Newby: Confronting sexual harassment and assault in college is crucial

Sexual harassment and assault spans across countless workplace industries – but confronting the problem should begin before people step into the workplace.


Katie Goodale

A protester holds their sign during the Jeffery Nock protest outside of the Pappajohn Business Building on Aug. 30, 2018. Students and faculty turned out to protest Professor Jeffery B. Nock, who is still employed at the university despite issued a criminal trespass warning after allegedly taking photographs of women at the Campus Recreation and Wellness Center.

Taylor Newby, Opinions Columnist

The conversation about sexual harassment and assault has transcended global headlines, national initiatives, and the diligence of local advocacy groups — reverberating across all platforms the message of an incomparable need for immediate change. And it begins with college campuses.

Allegations of sexual misconduct have hit countless industries — crowding timelines and news outlets with incomparable stories shared openly and honestly. But these stories do not stop there.

Allegations are not limited to the industries that are widely covered by the spotlight, such as testimonies of harassment and assault that have broadly found a home in Hollywood or facets of the media. Instead, the allegations often expand across more unnoticed areas of society, in service jobs, retail trade, and even lecture halls.

And so, rather than settling into a routine of only ever busting the bad guy in Hollywood, we need to hold men and women accountable for sexual harassment and assault closer to home — whether that be our colleagues, our neighbors, or our professors.

With universities propelling thousands of students forward into powerhouse careers, it’s crucial that we keep the conversation against sexual harassment and assault going.

Just last year, Jeffrey Nock, a lecturer in the Pappajohn Entrepreneurial Center was caught taking photos of women working out.

At first, he was only suspended from lecturing and banned from the Campus Recreation & Wellness Center for six months. But then, the UI announced he was no longer employed by the University in September following the sexual-harassment allegations. Even still, it had taken more than four months and a student-led protest via Facebook for the UI to fire this lecturer in the wake of allegations.

RELATED: Jeffrey Nock no longer employed by University of Iowa following sexual-harassment allegations

According to RAINN, college-age women are four times more likely to experience some form of sexual assault than women who aren’t in school. And college-age men are 78 percent more likely to experience sexual assault than men who aren’t in school.

While these numbers are astounding, it’s important to acknowledge the number of men and women who are harassed and assaulted beyond their college years.

According to the National Sexual Violence Resource Center, 1 in 4 girls and 1 in 6 boys will be sexually abused before they turn 18. And a 2018 survey done by Stop Street Harassment, a nonprofit organization, found that 81 percent of women and 43 percent of men have experienced some form of sexual harassment throughout their lives. 
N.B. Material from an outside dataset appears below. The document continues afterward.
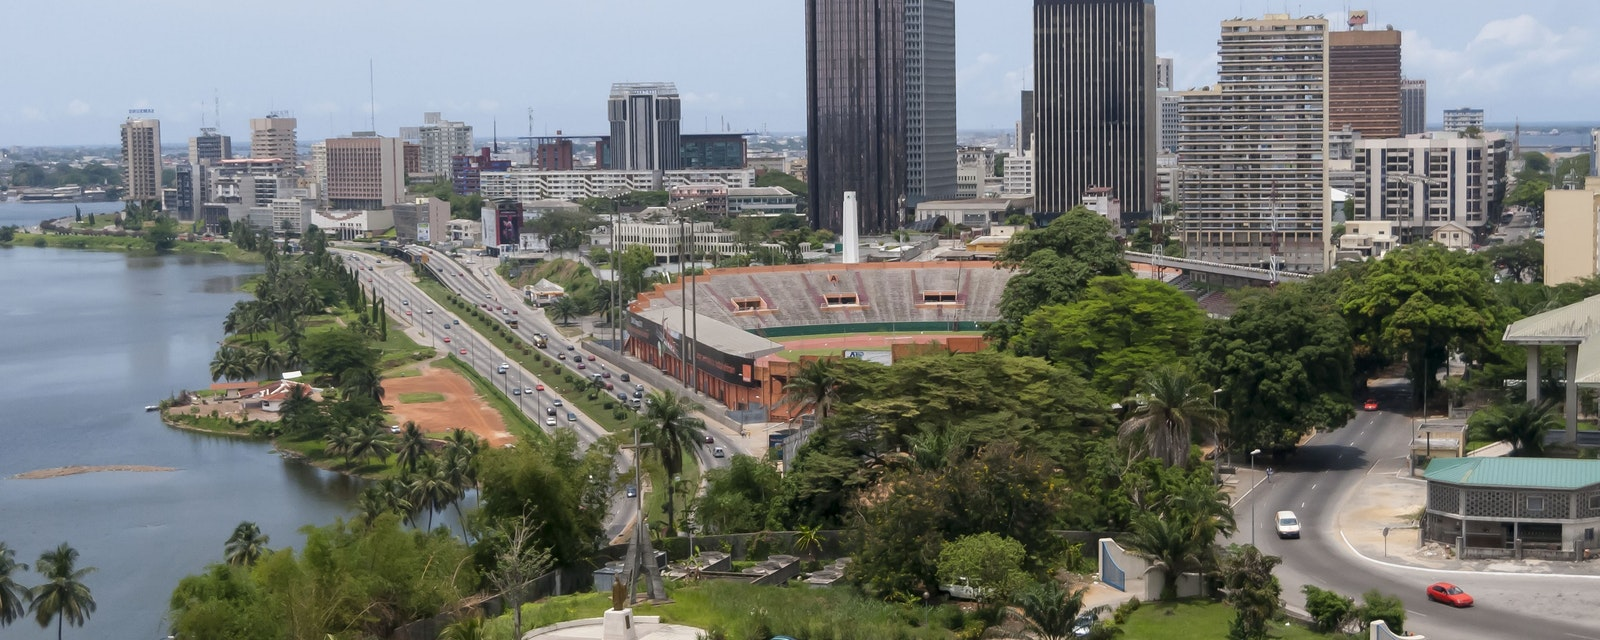 Abidjan,,Ivory,Coast,(côte,D'ivoire),,Africa.,April,2013.,Abidjan,,The
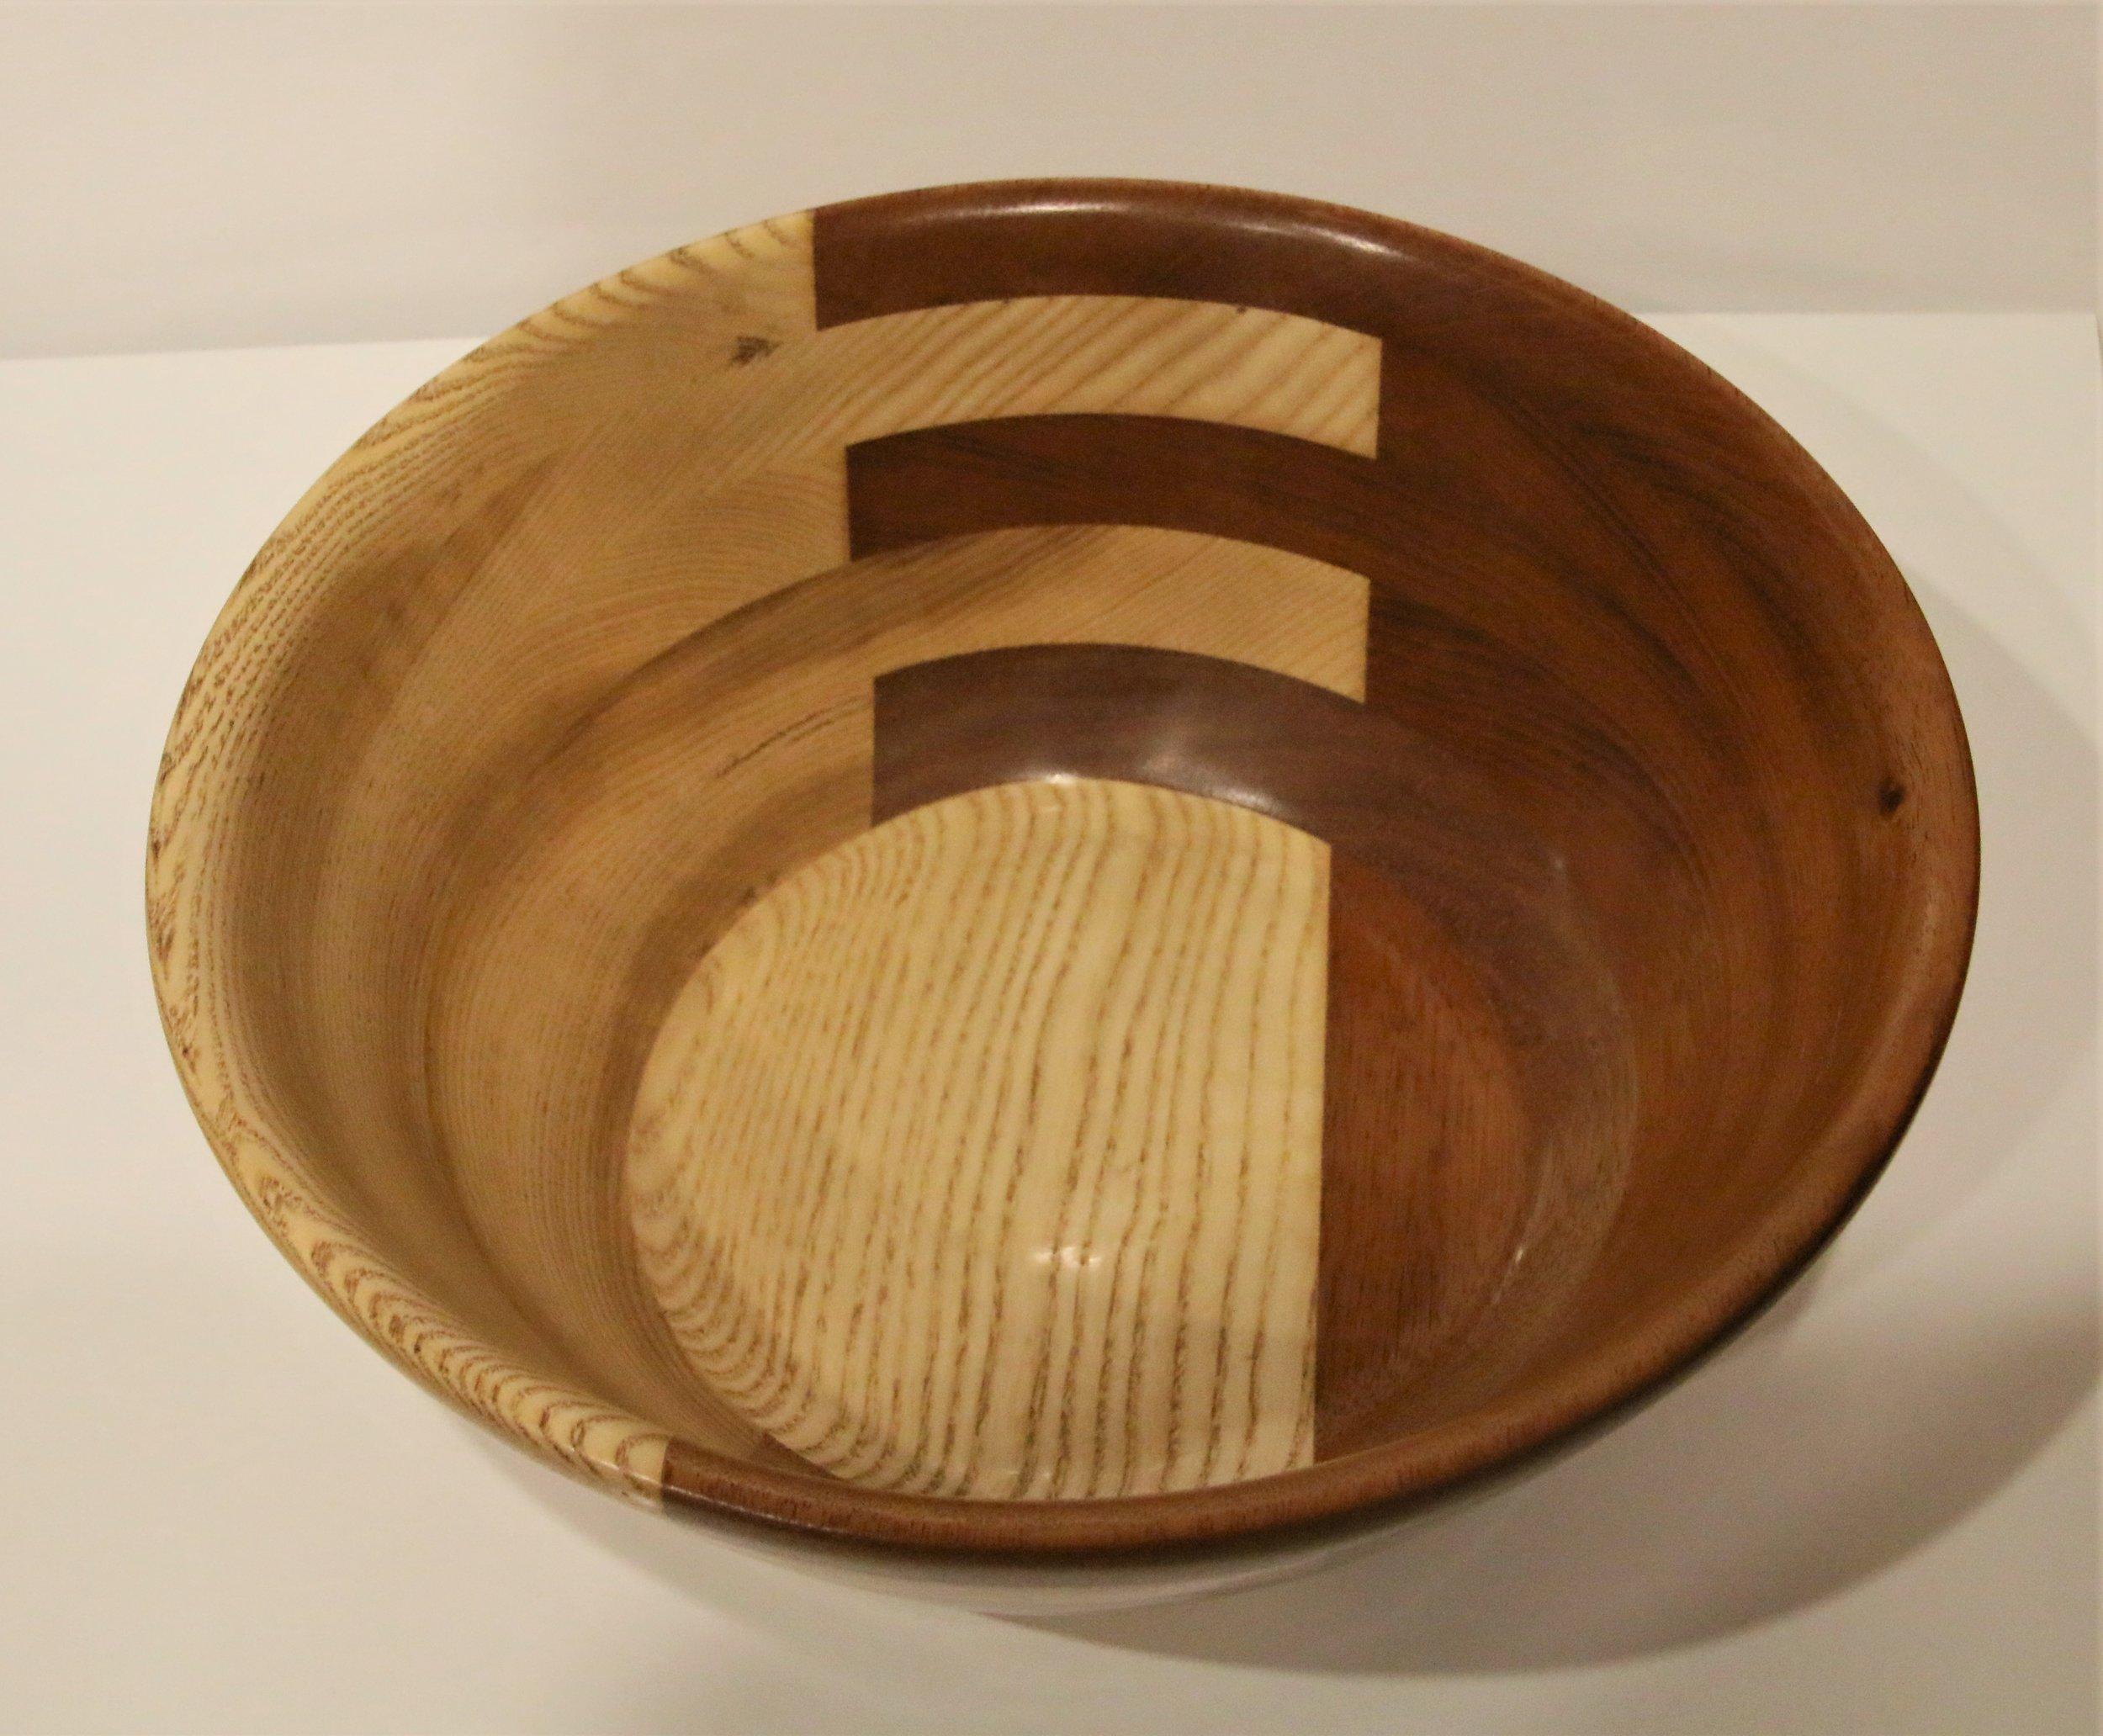 Medium Bowl - American Ash, Brazilian Maple

All that to say, it is more than imperative that college campuses, such as the UI’s, use this four-year stretch of time that most students spend at a university or college to educate rising generations on the devastation and intrinsic destruction of sexual harassment and assault.

And then, staff and faculty of the university must set the example by encouraging students away from that power-hungry, position-abusing epidemic.

Because the problem of sexual harassment and assault is pressing, and because college comes at such a critical time in a person’s life, it’s now that we must be intentional about confronting it.

And with universities propelling thousands of students forward into powerhouse careers, it’s crucial that we keep the conversation going — and even more so that we keep taking action against the heart-splintering devastation that comes when positions of power are taken advantage of.